* _Supplied information_:
====

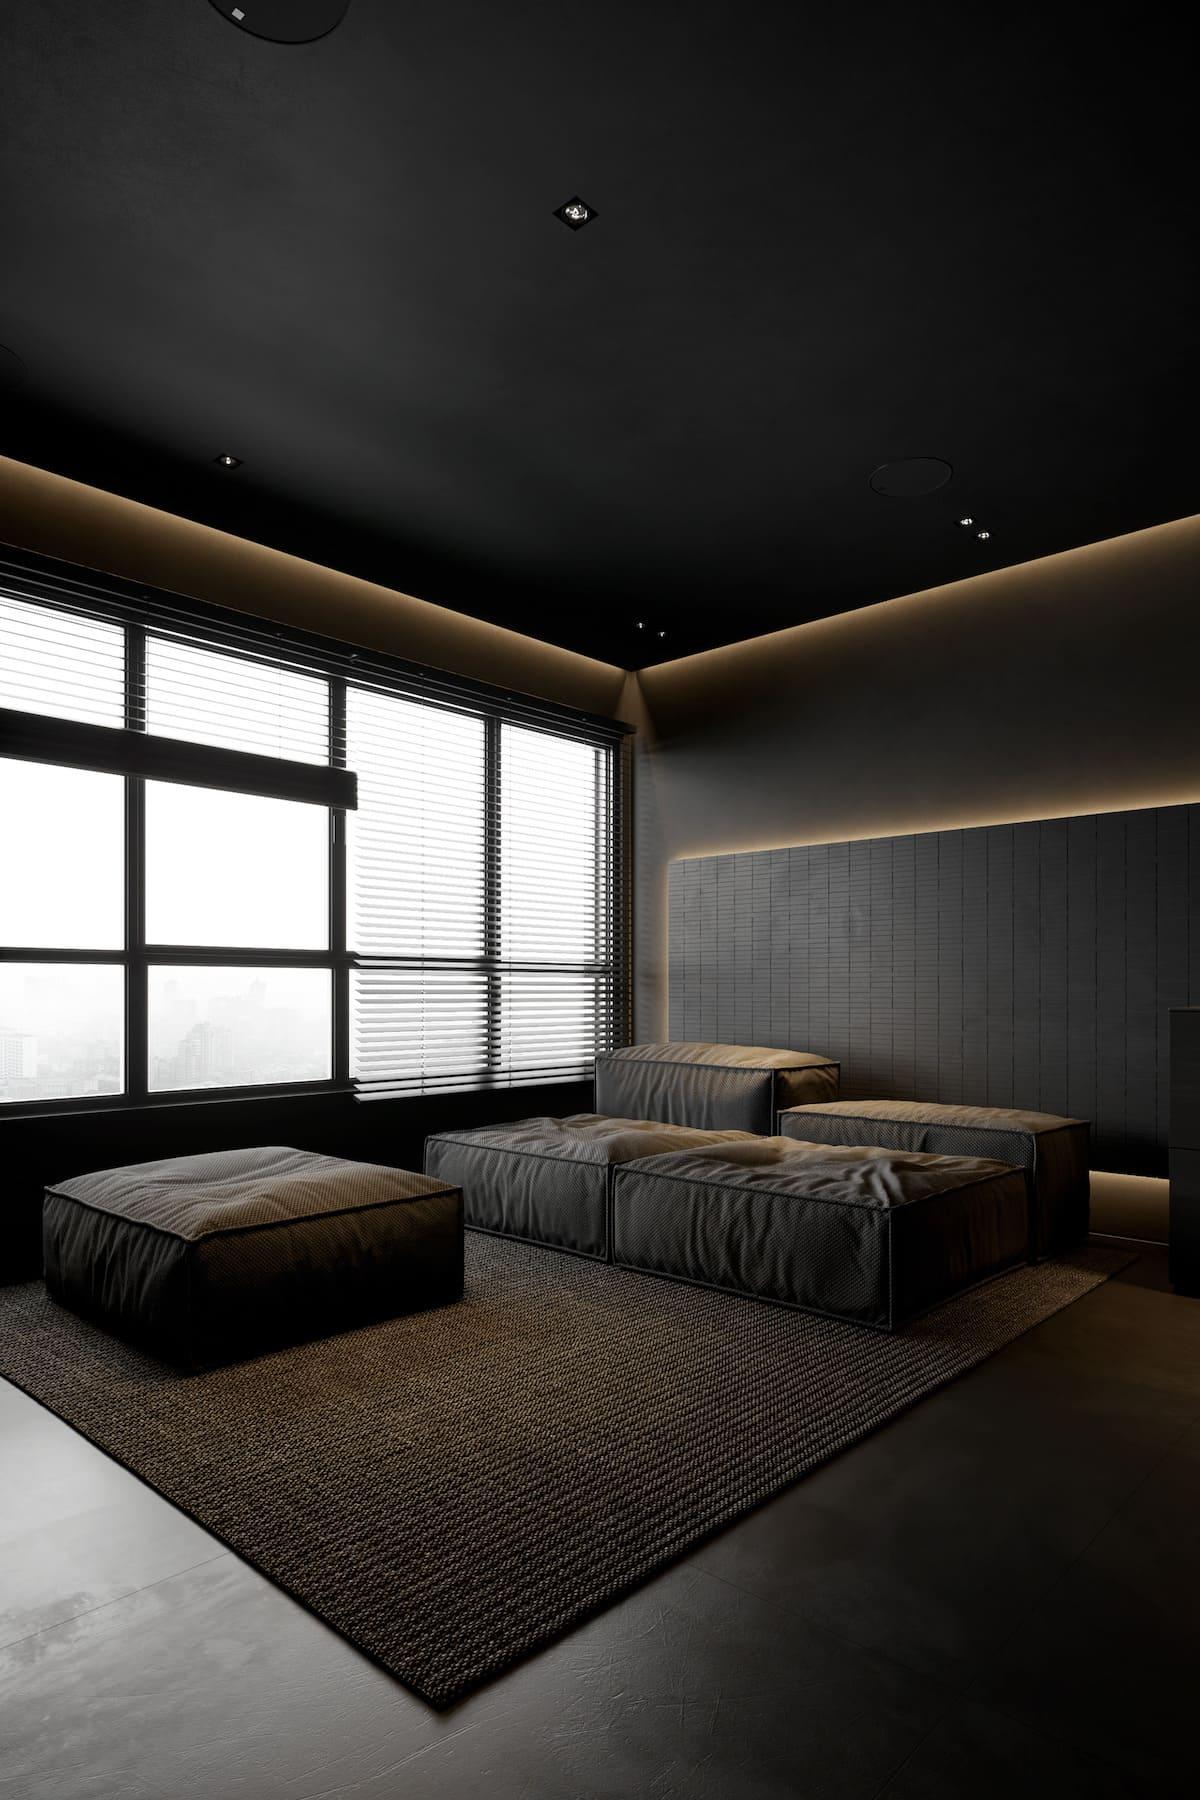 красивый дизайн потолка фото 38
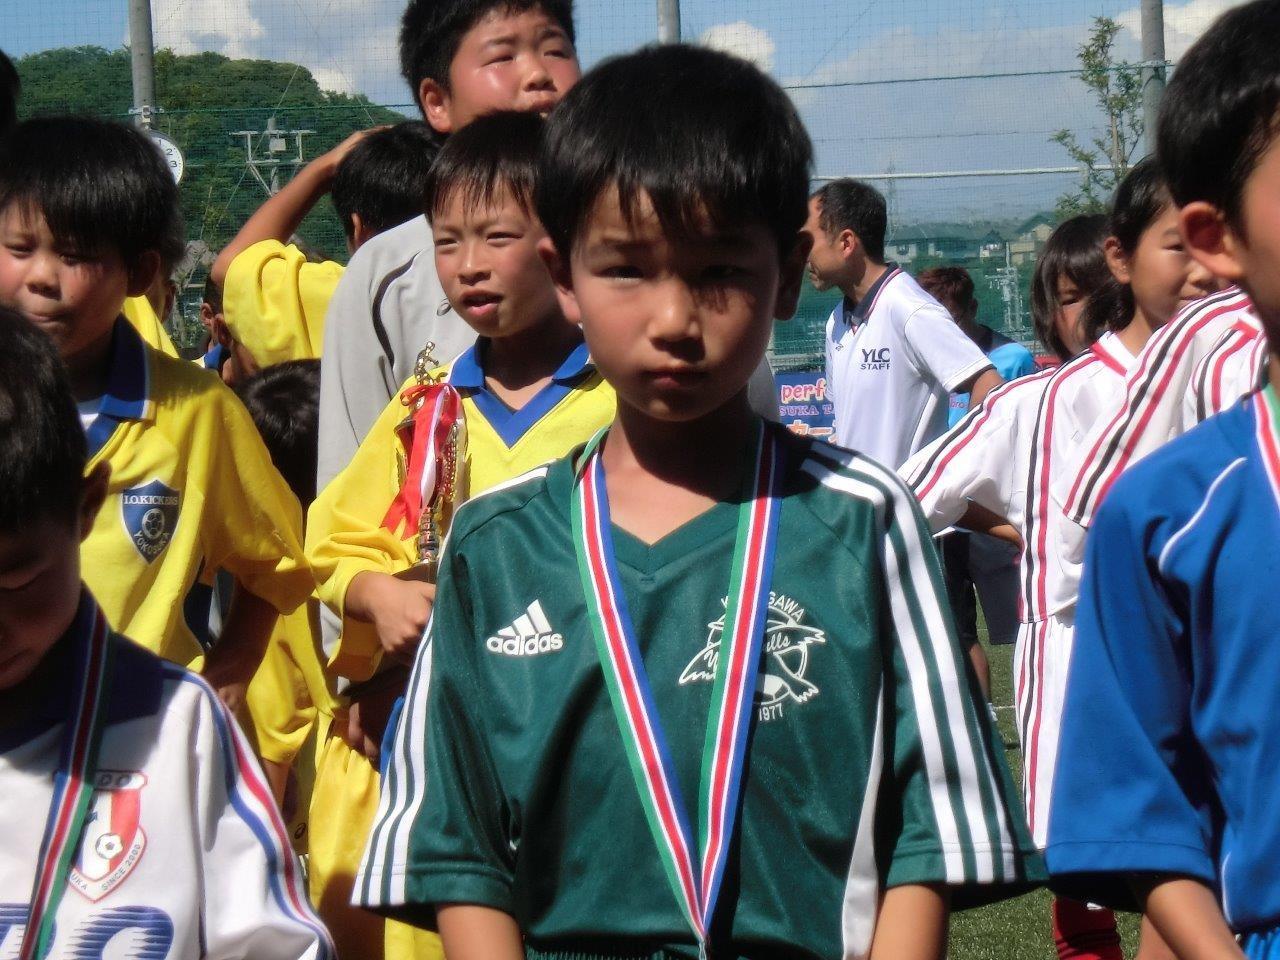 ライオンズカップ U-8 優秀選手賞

====

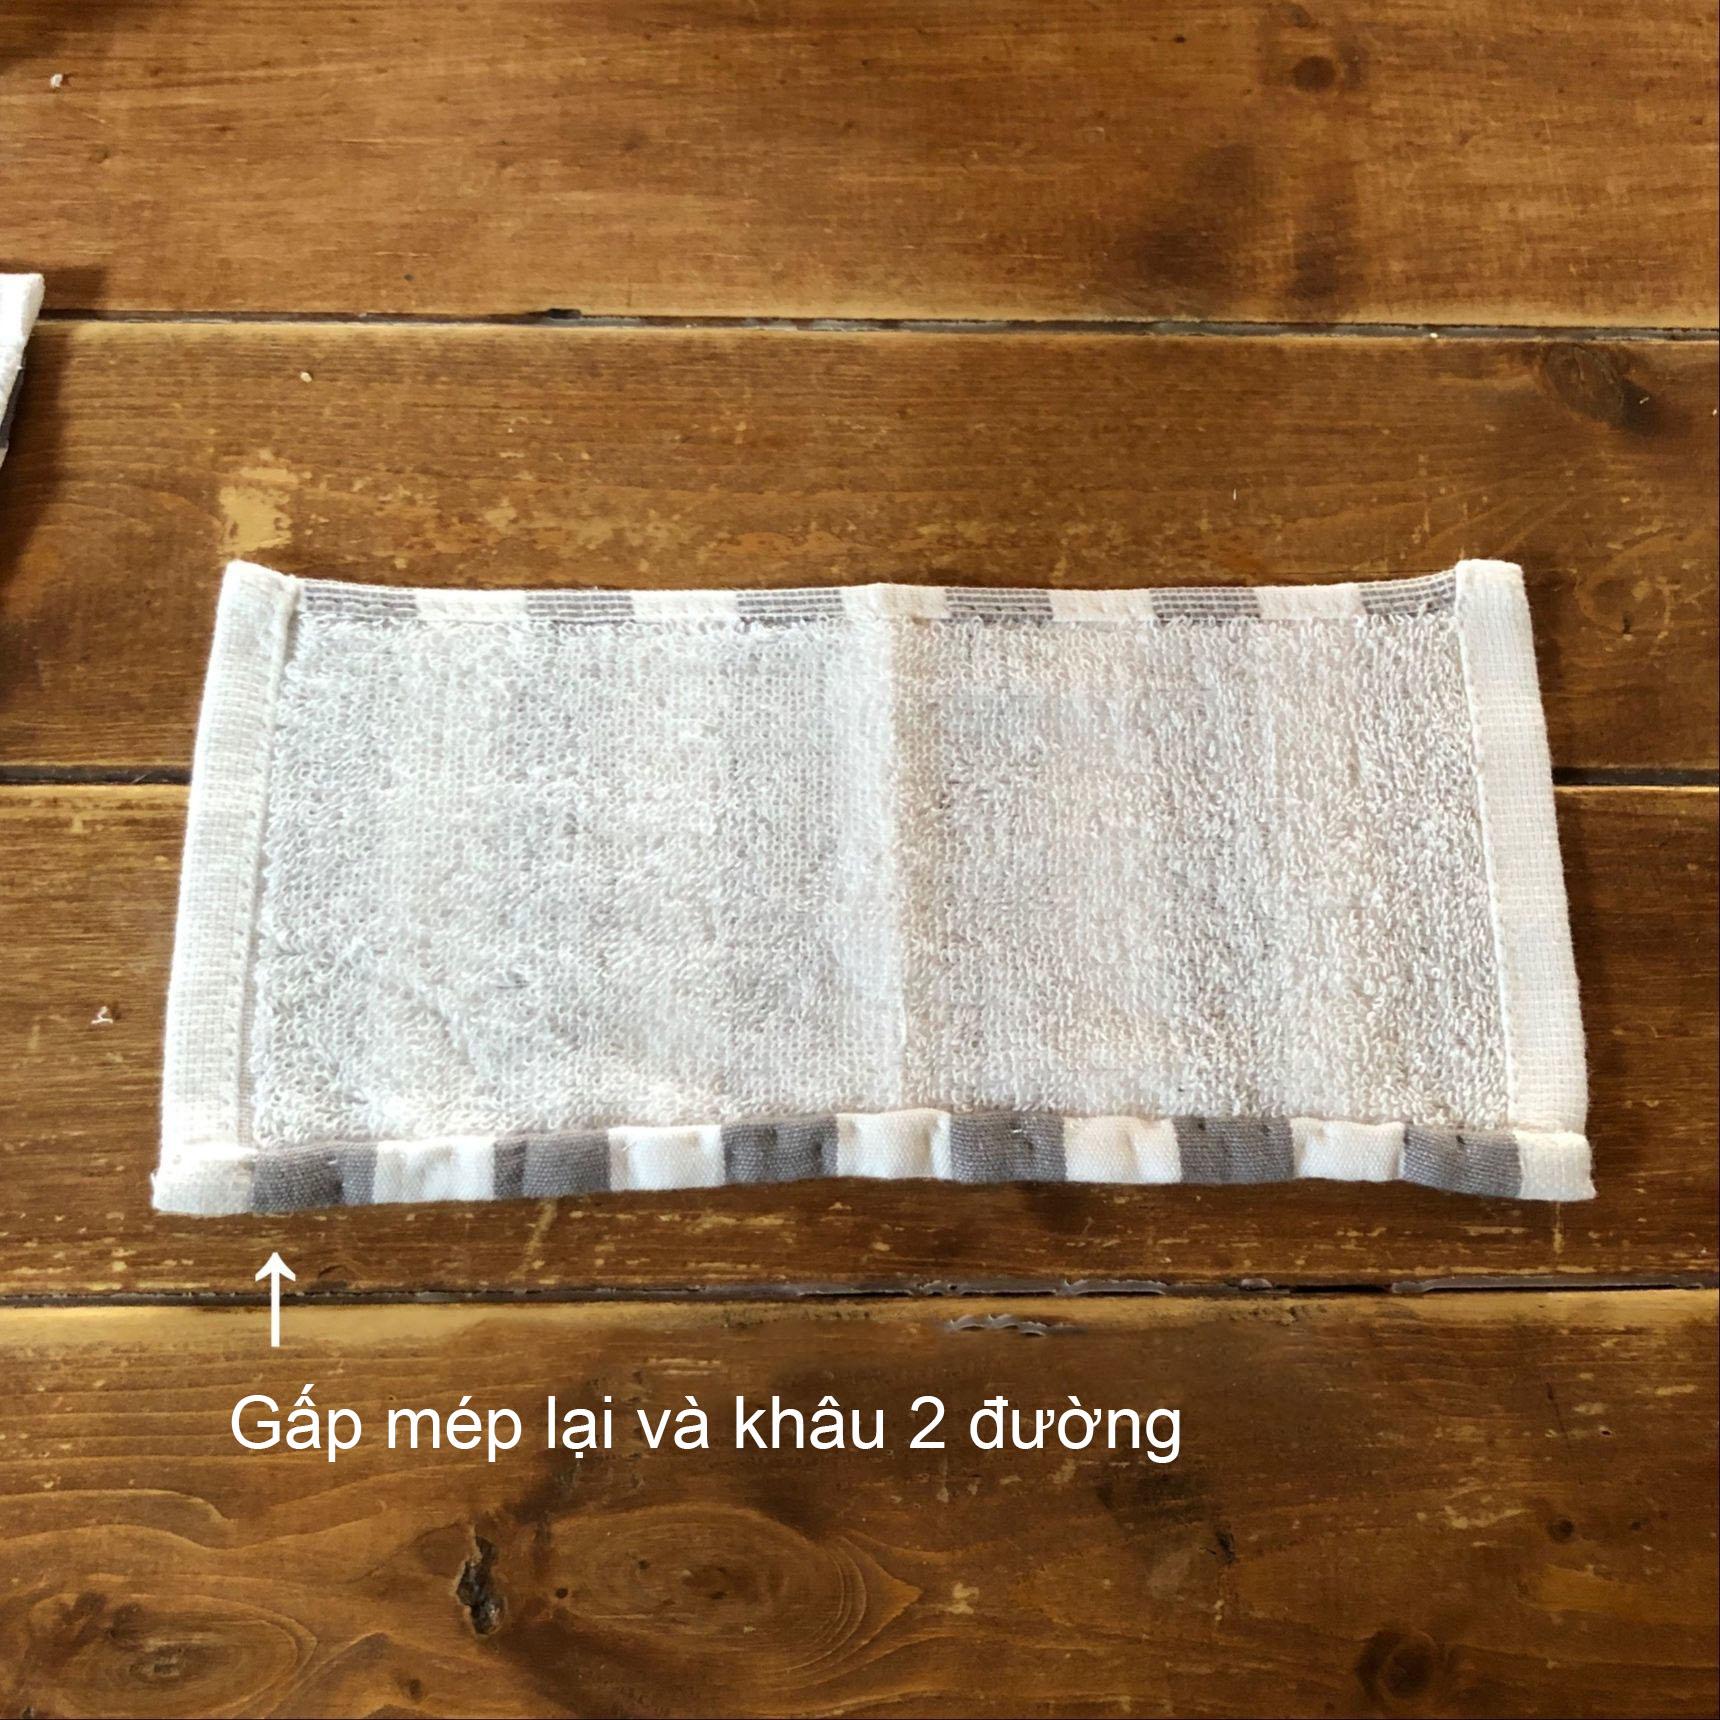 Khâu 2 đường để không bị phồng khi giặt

====

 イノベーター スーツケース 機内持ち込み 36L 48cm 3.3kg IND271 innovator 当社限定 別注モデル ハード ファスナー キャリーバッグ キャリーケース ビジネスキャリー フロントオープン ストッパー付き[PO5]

====

Lines from the one above containing "красивый дизайн потолка фото 38" down to the one containing "ライオンズカップ U-8 優秀選手賞" should be transcribed exactly, with both ends kept and no pictures.

* _Task output_:
 красивый дизайн потолка фото 38
 ライオンズカップ U-8 優秀選手賞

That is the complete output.